## INSTRUCTIONS FOR THE TASK:
Write out again, exactly, the lines below starting at the one with "dazzle-scene-diary-envelope-cards-01" and ending at the one with "My Little Pony".

## RAW DATA:

-------------------------

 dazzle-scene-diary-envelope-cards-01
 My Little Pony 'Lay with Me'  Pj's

-------------------------

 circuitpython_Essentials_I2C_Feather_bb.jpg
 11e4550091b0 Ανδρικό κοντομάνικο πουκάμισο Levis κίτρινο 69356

-------------------------

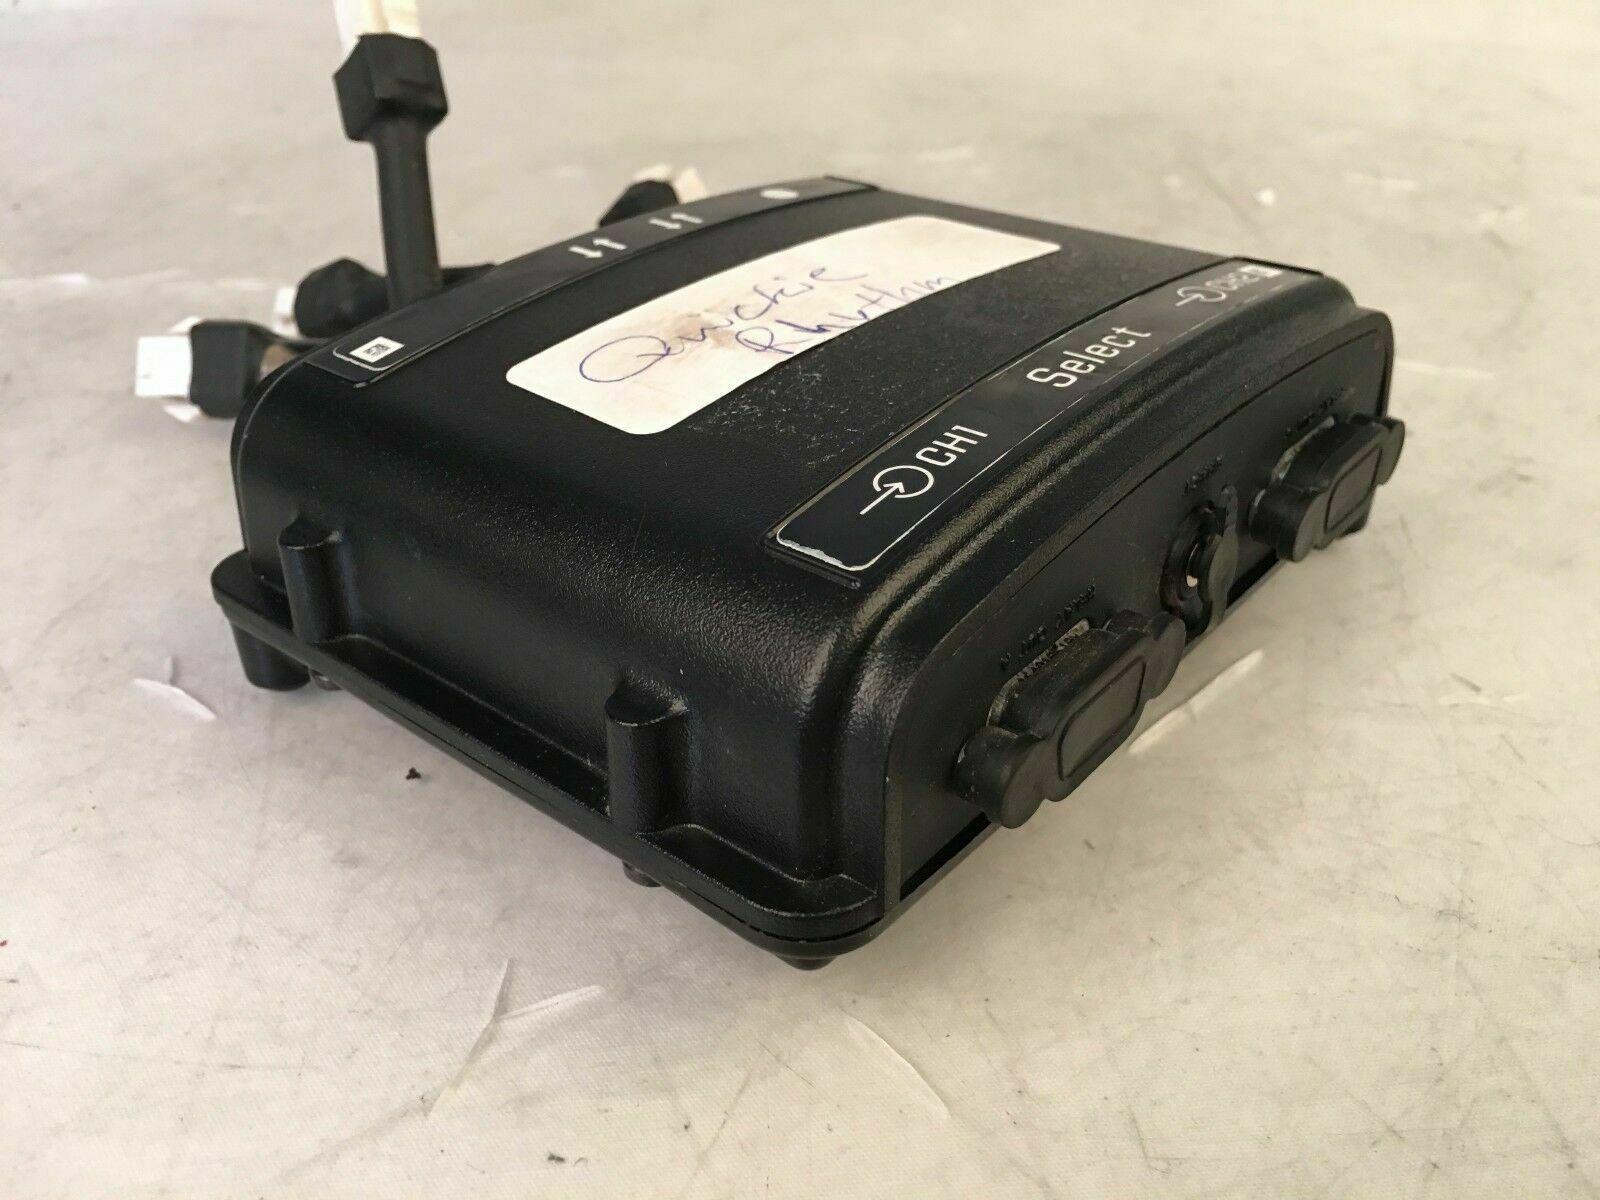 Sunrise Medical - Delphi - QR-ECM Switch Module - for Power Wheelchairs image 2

-------------------------

## WORKED SOLUTION:
 dazzle-scene-diary-envelope-cards-01
 My Little Pony 'Lay with Me'  Pj's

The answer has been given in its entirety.